### PROVIDED MATERIAL
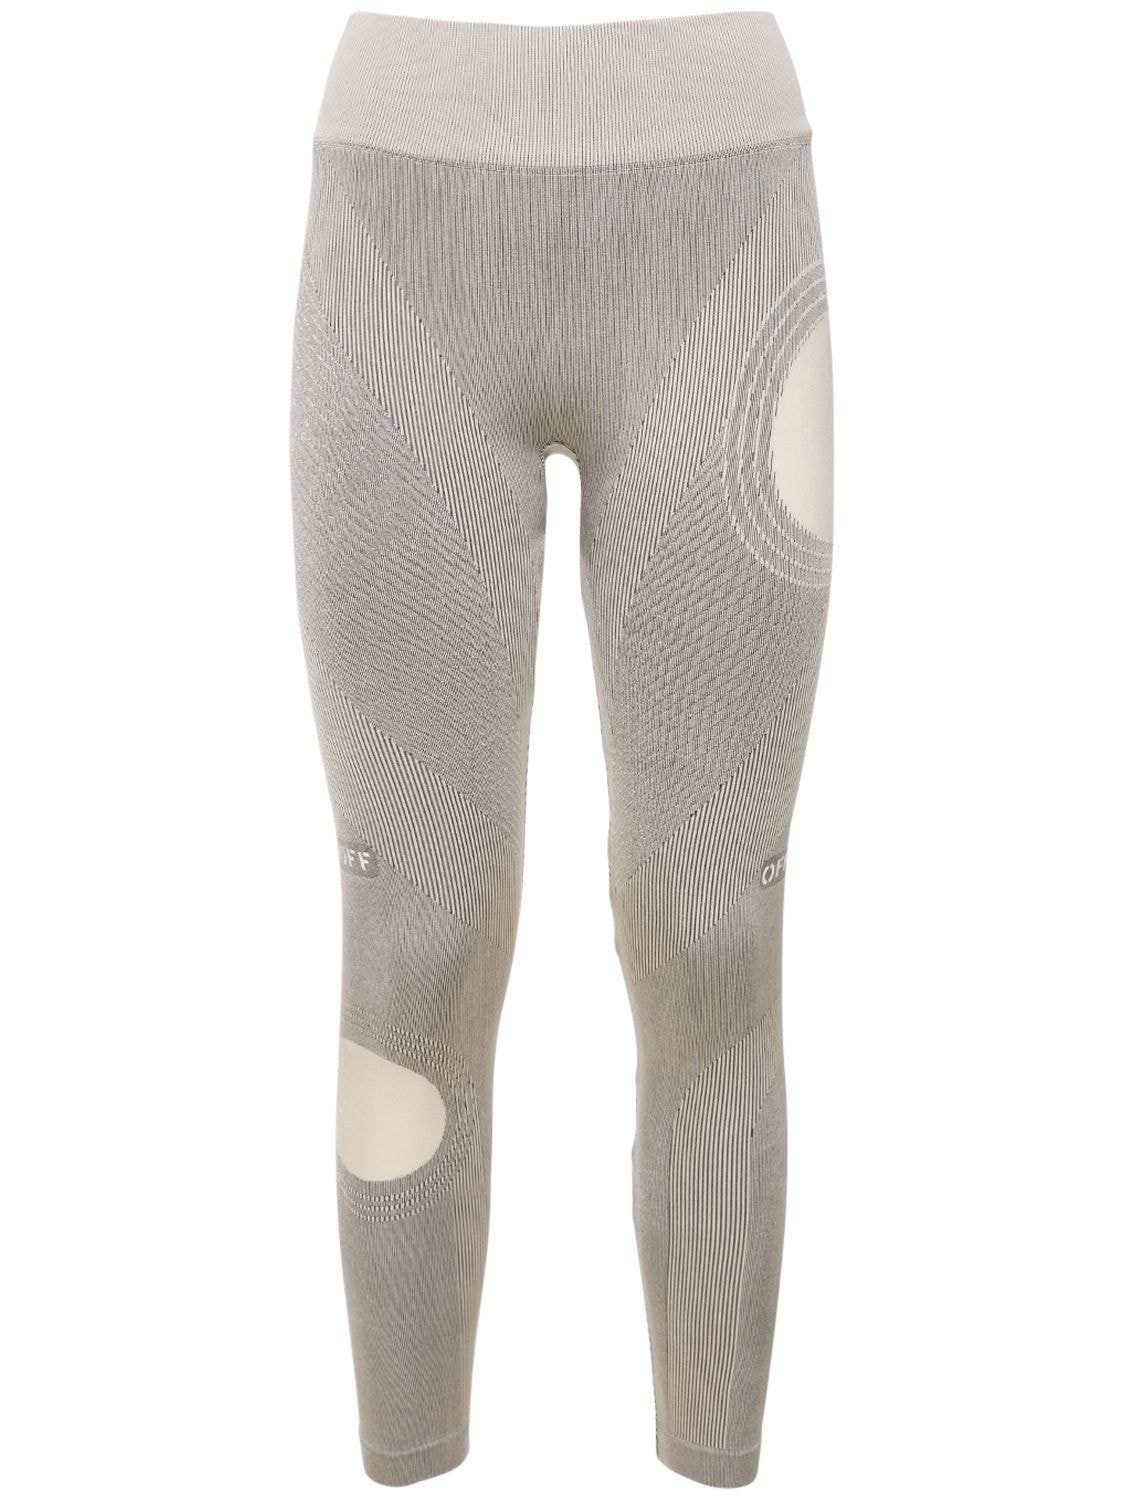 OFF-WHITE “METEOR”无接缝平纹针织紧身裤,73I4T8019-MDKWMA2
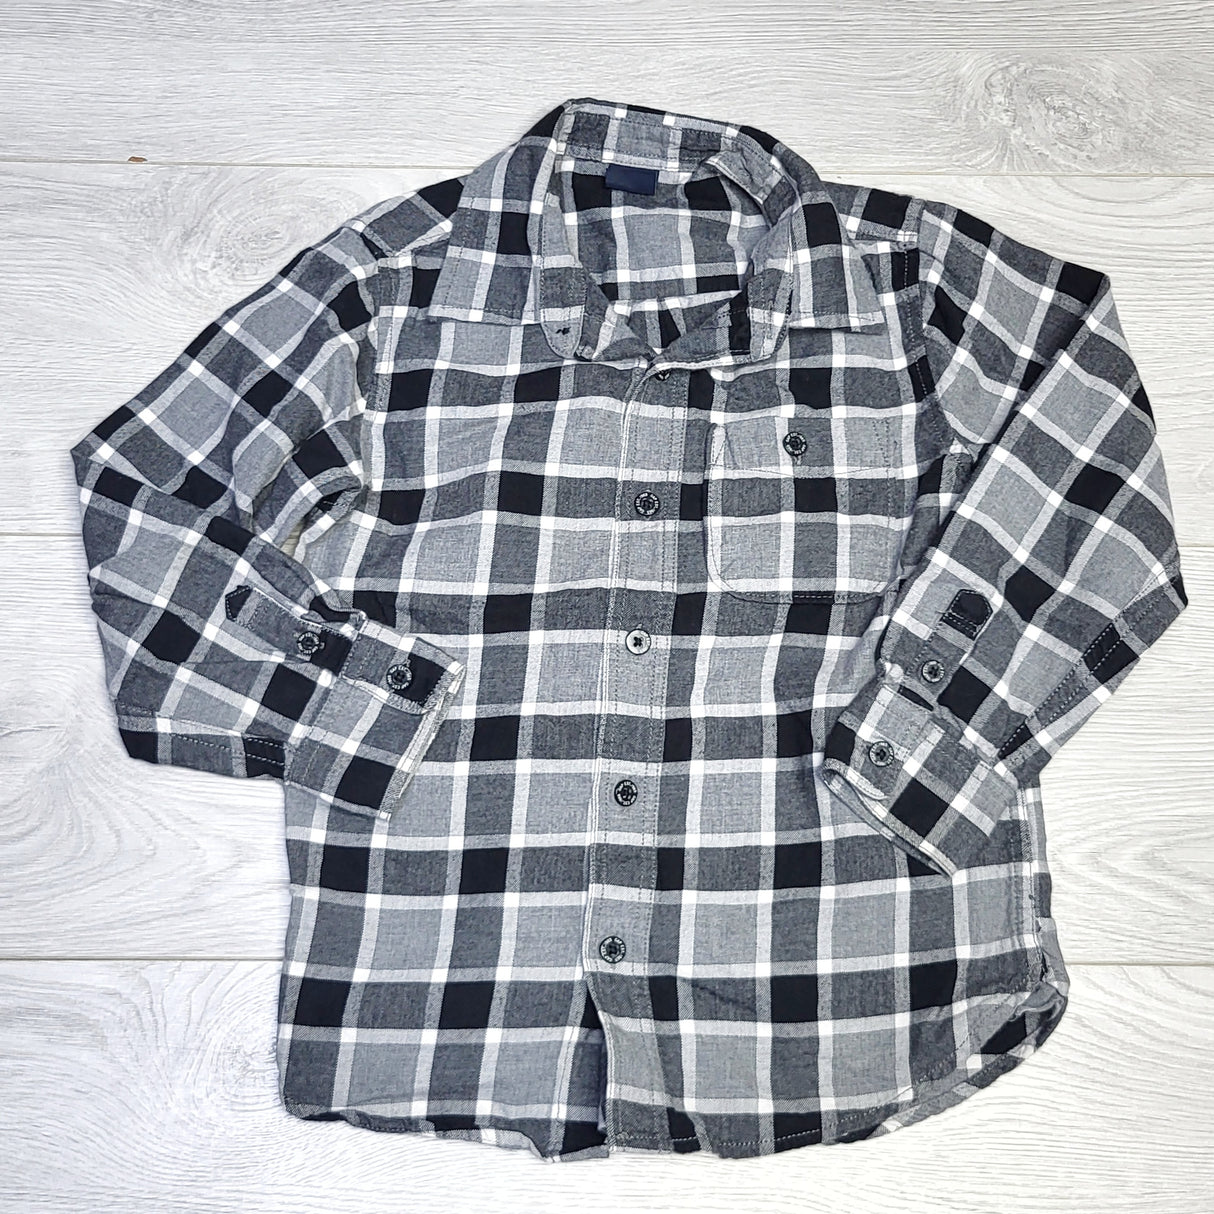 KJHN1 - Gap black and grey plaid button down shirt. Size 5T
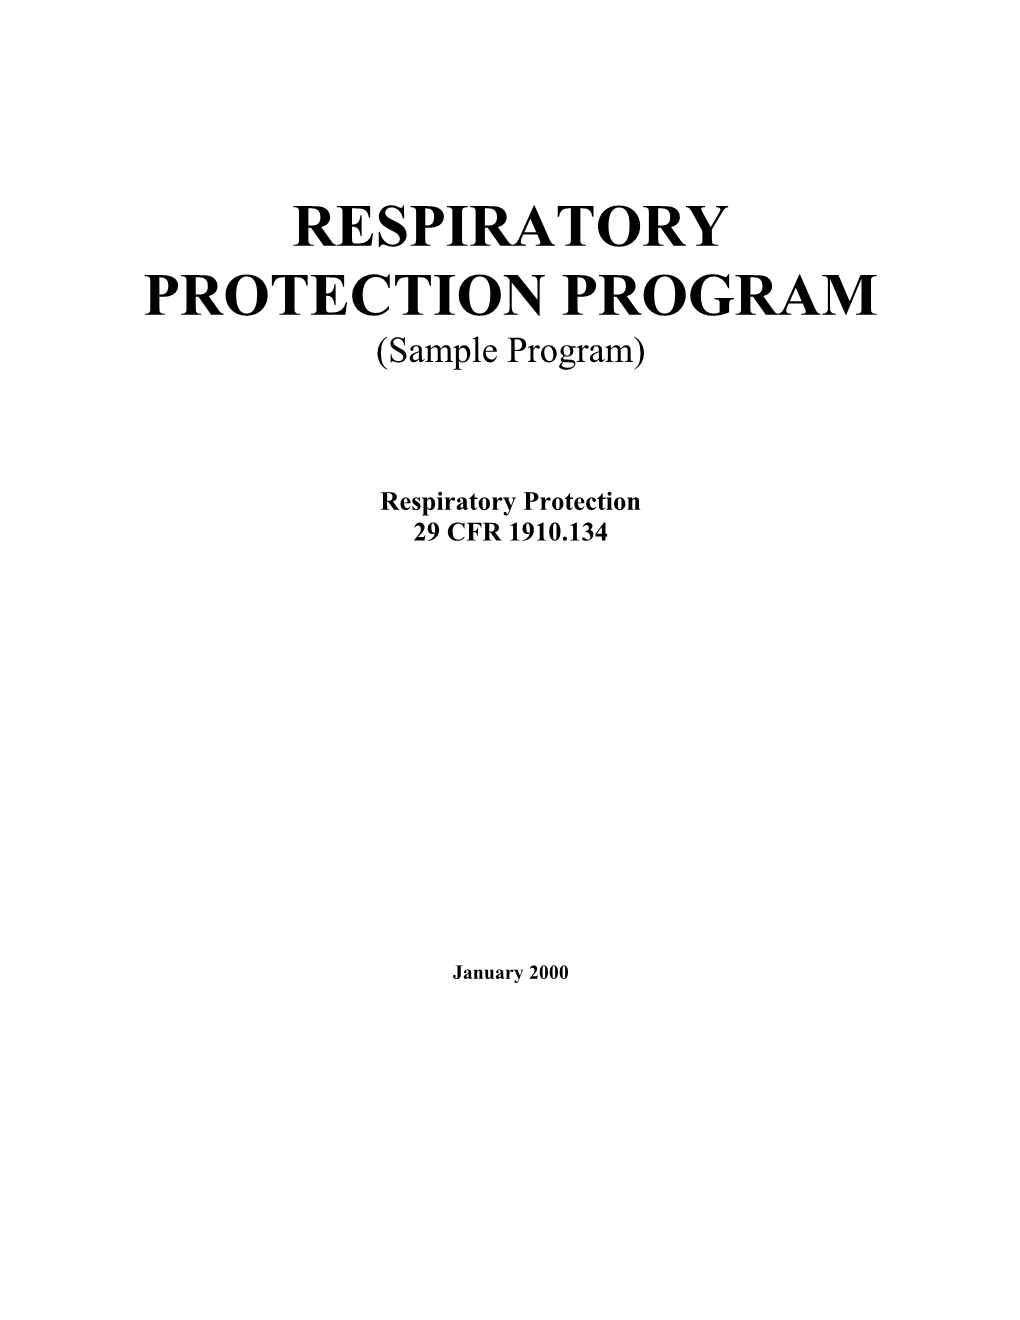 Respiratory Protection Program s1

### YOUR TASK
Print the material again, unchanged, without its pictures.

### SOLUTION TO THIS TASK
 OFF-WHITE “METEOR”无接缝平纹针织紧身裤,73I4T8019-MDKWMA2
 KJHN1 - Gap black and grey plaid button down shirt. Size 5T
 Respiratory Protection Program s1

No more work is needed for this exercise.